For the longest time one of the most popular questions we would get upon somebody walking in the front door of the historic lodge was, “What’s the story behind that big boat on the porch?” Considering it took up a good portion of the already massive porch and it was right next to the front door it was not a surprising question. It has sat on the porch for almost 30 years in the same place and has greeted every person who has walked in the door since then. The boat was purchased by Margy Nelson and her at the time partner Jim Holzman from the Earl Nelms the game warden for $200 in the early 1990’s. It was the last boat in a fleet of fishing boats that were used on North and South Fowl Lakes in the 1920’s and 30’s. The Fowls are about 20 miles east of Clearwater Lake up at the end of the Arrowhead Trail and are known for their excellent walleye fishing.

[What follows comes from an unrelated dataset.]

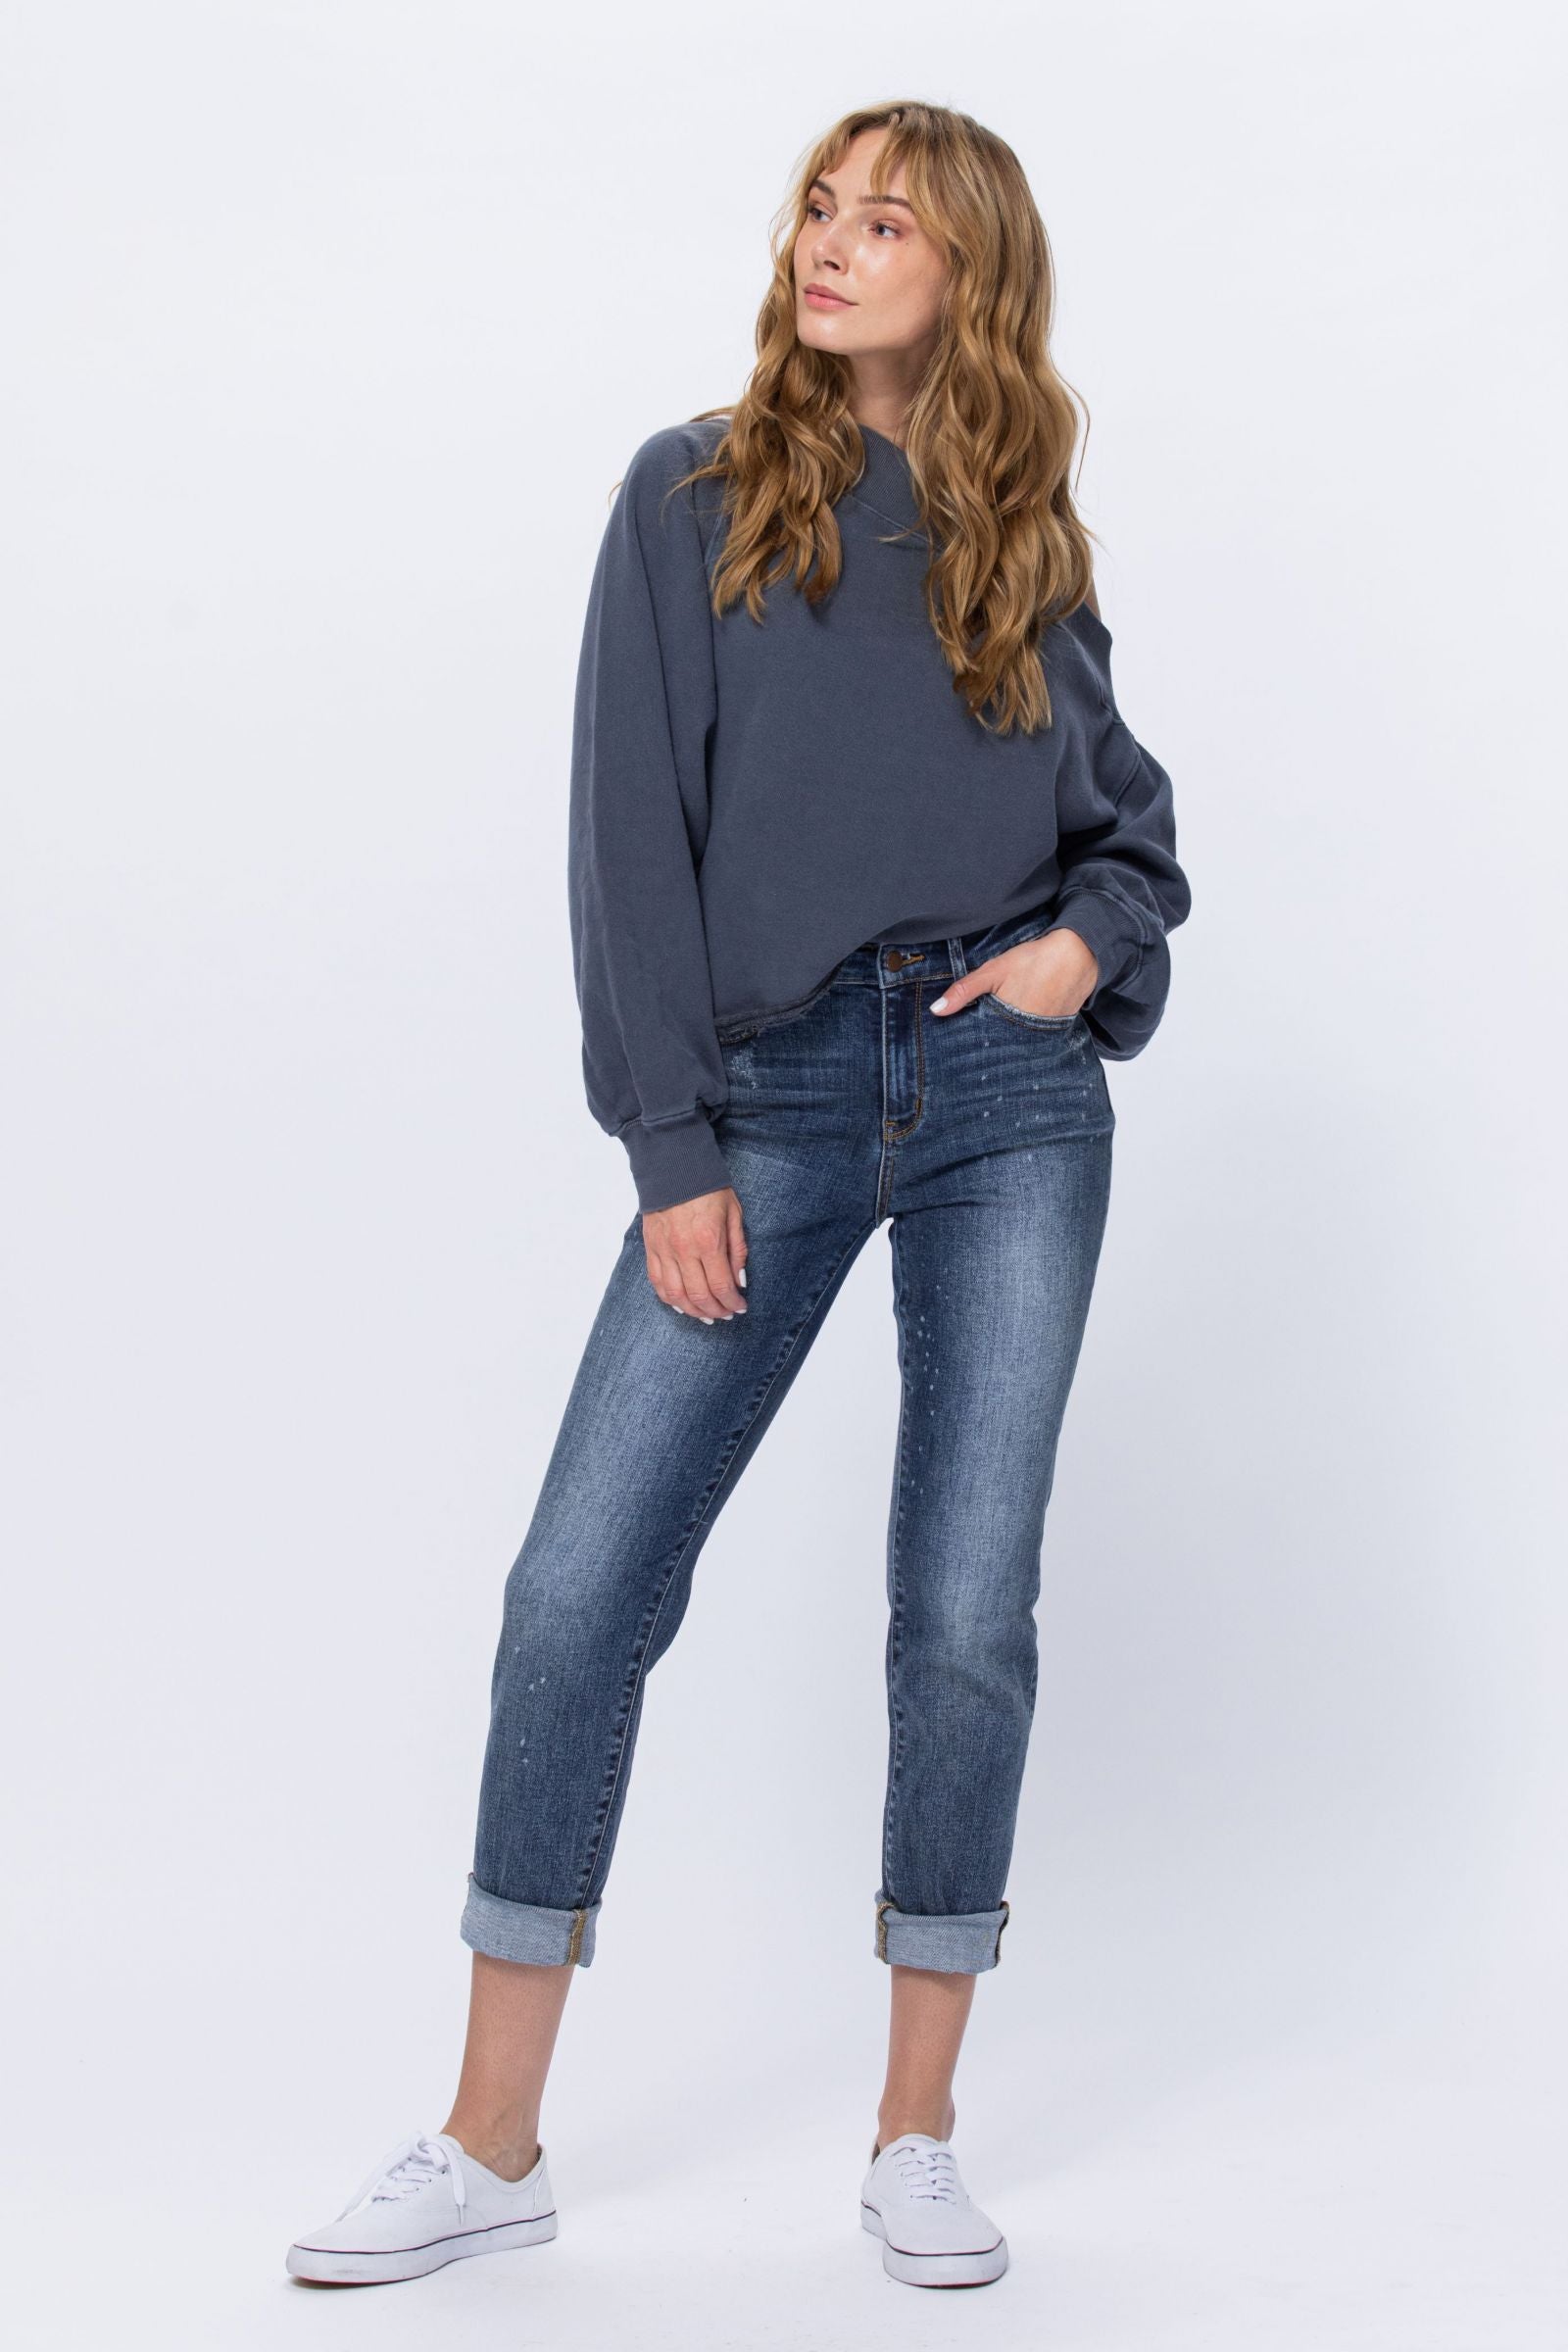 Judy Blue Jeans at Oak&Pearl: Exclusive Styles for Your Perfect Fit
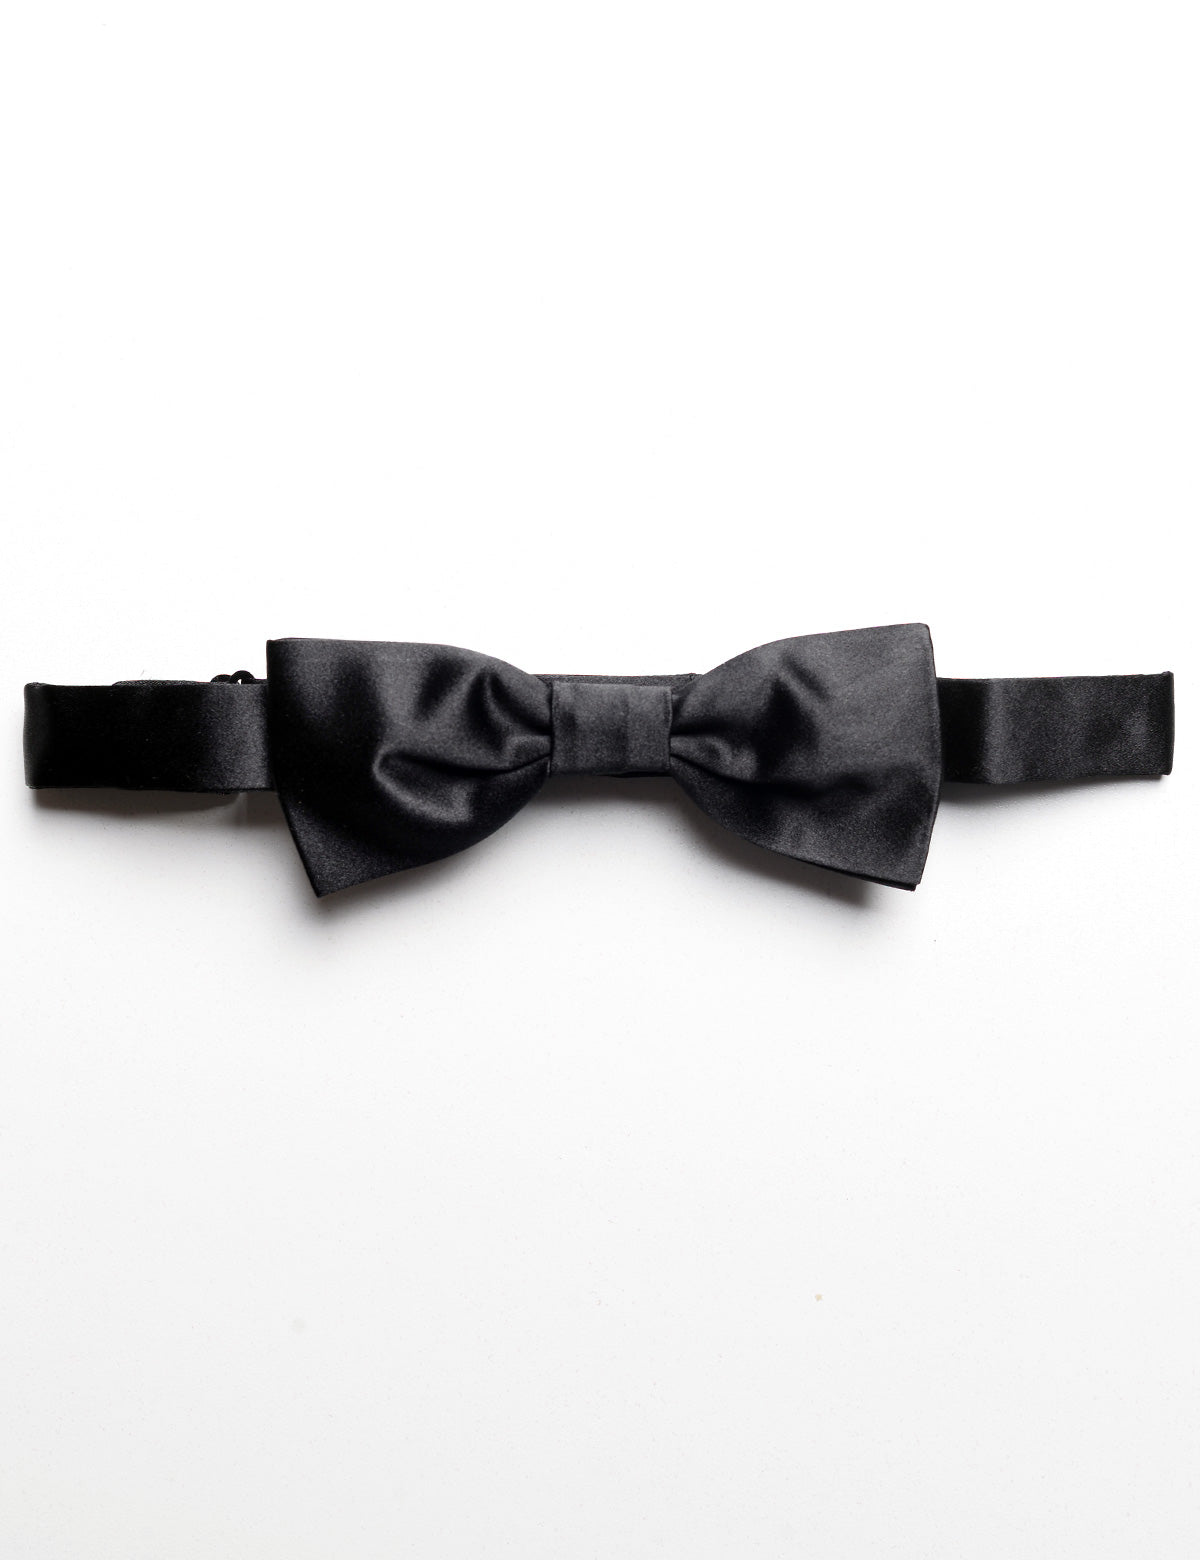 Tied photo of Brooklyn Tailors Formal Bowtie in Black Satin

Over the course of the last few years of having to move it multiple times to refinish the exterior of the lodge and floor boards on the porch it has been a little more exposed to the elements and is a little worse for the wear. For this reason, along with a need for more room on our ever expanding seating on the porch we decided something had to be done with the old boat, but the last thing we wanted to do was just leave it out in the rain and snow to slowly rot away. For the majority of the last year it has been stored behind our shop under tarps as protected from the elements as we could get it. During that time, it was amazing to us how many people would walk in the door and immediately ask about its whereabouts. None of questions were of the nonchalant, “oh by the way” variety either, people were generally concerned with what we had done with the boat. We had to explain it was in storage because of its condition and our need for the space, and this explanation was typically not met with a great response. During the process of weighing our options as to whether we should keep disappointing people with it’s absence or put it back on the porch a third option emerged.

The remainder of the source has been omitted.